То этажные санитарки снимали матерчатым шаром на трехметровой палке невидимую пыль с углов потолка, — попиши-ка спокойно, когда рядом размахивают таким дрыном. То они принялись таскать на крайний к буфетной стол — грох! грох! — стопку тарелок и ложки, хотя до обеда мамашам было не меньше часу.
Мелькали мимо детские сестрички, несли из палат сытые спящие свертки — по штуке на каждой сестричкиной руке.
Ходячие мамаши, откормив, начали выползать на променад по коридору и холлу и все шмыгали подле Савичева к окнам — из окон холла был виден подъезд справочной; а Савичев на обходе целым трем палатам разрешил ходить — в них всем исполнилось двое и даже трое суток. Впрочем, более бойкие, когда внизу стояли мужья и прочие родичи, давно уже вскакивали к окнам — в одних рубашках, конечно. А теперь их всех одолело ощущение свободы, и только оттого, что стало можно легально высматривать из огромных окон холла, ладошкой-козырьком заслонившись от мартовской голубизны, не подходит ли по талому снегу к подъезду справочного кто из своих, чтобы собственными глазами видеть, чьи руки доставляют приношения.

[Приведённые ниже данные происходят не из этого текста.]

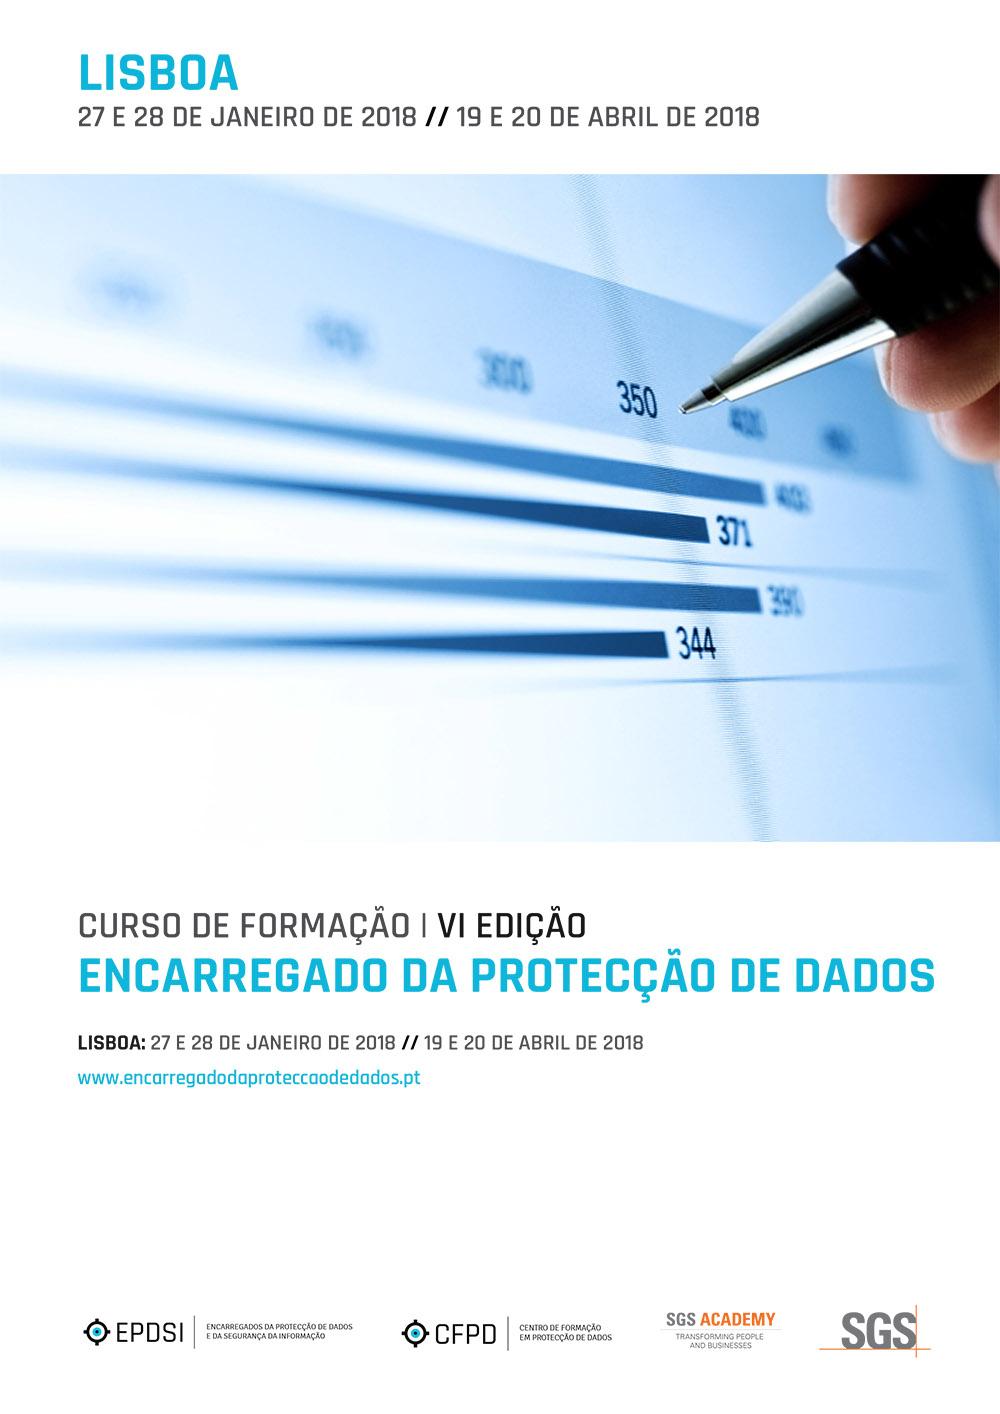 Curso de Formação - Encarregado da Protecção de Dados - VI Edição - Lisboa - Agenda Geral
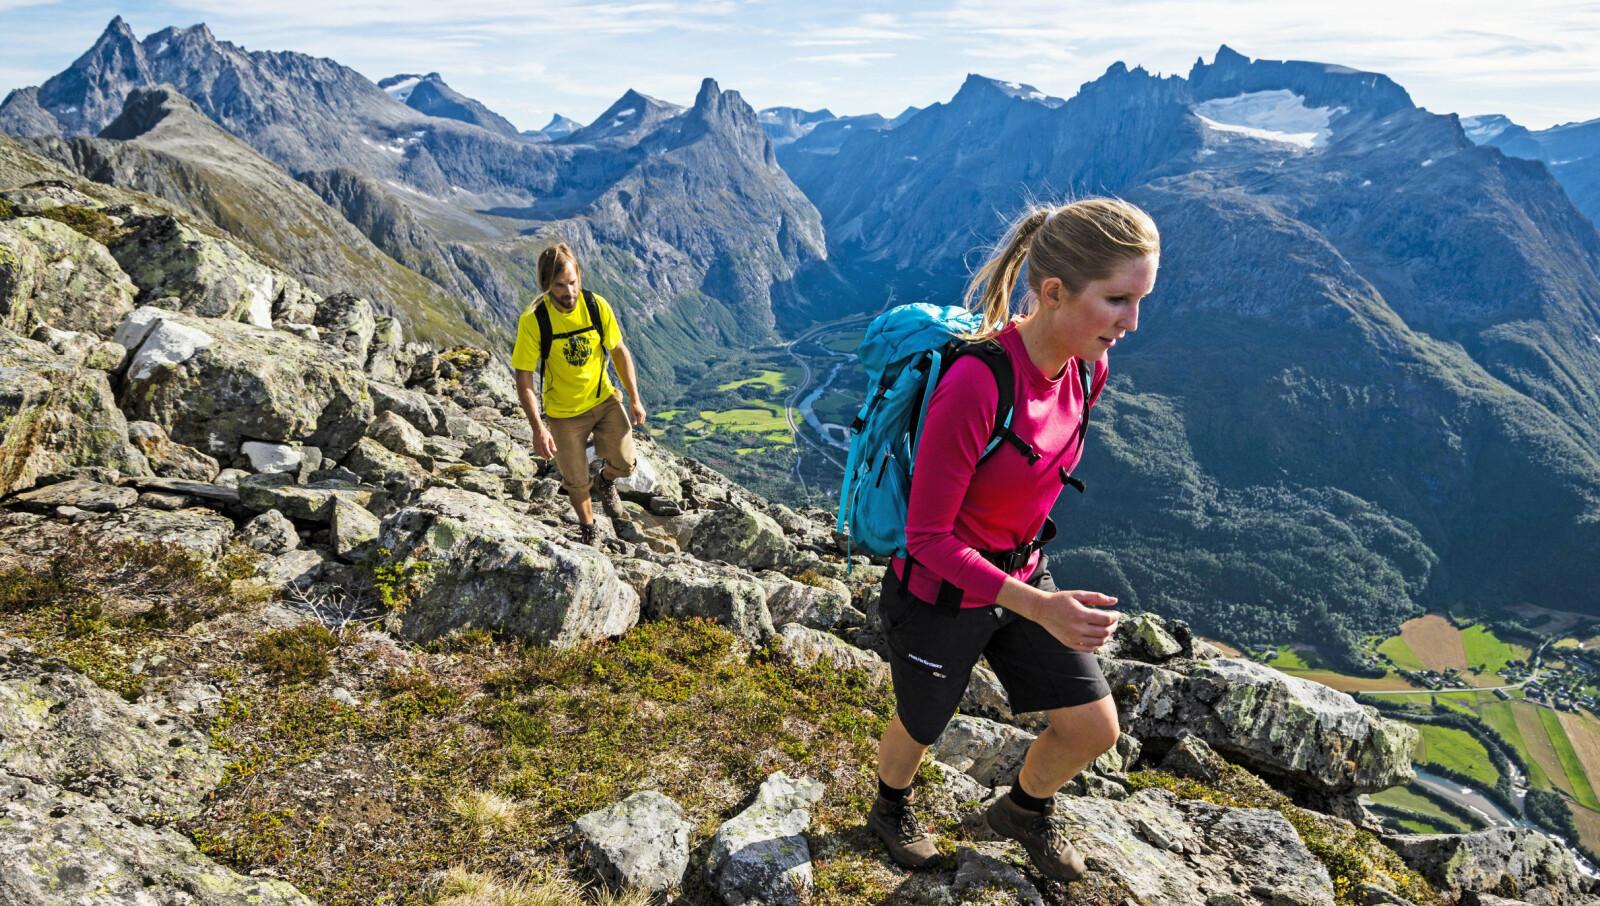 <b>ROMSDALSEGGEN: </b>Elle Cochrane og Johan Jonsson på tur over Romsdalseggen. Høyde: 1320 moh.

А такой обход и такая писанина полагались двоим, но выпали одному и после суток в родблоке, и здешние пациентки были почти все незнакомы Савичеву. Правда, девять десятых из них совсем здоровые женщины, просто приходившие в себя после серьезного события. Они лишь приобрели теперь удивительную способность плакать по любому поводу и без, а потом совсем легко переходить от слез к смеху. А в остальном оставались самими собой до мелочей: знали, что идут на муку, трусили и при этом невесть какими хитростями заботливо протаскивали сквозь кордоны сюда, в святая святых, помаду и зеркальца, запрещенные ради полноты великого здешнего порядка. И чуть только приходили в себя, как уже принимались для ощущения внутреннего комфорта придавать побледневшим губам и щекам иные оттенки…
Однако здесь меж девятью десятыми, здоровыми, были и те — последняя, десятая доля, — которым нужен зоркий глаз и давно отработанная помощь. И не было еще спеца, который мог бы предсказать наверняка, что кто-то полностью застрахован от причисления к этой десятой.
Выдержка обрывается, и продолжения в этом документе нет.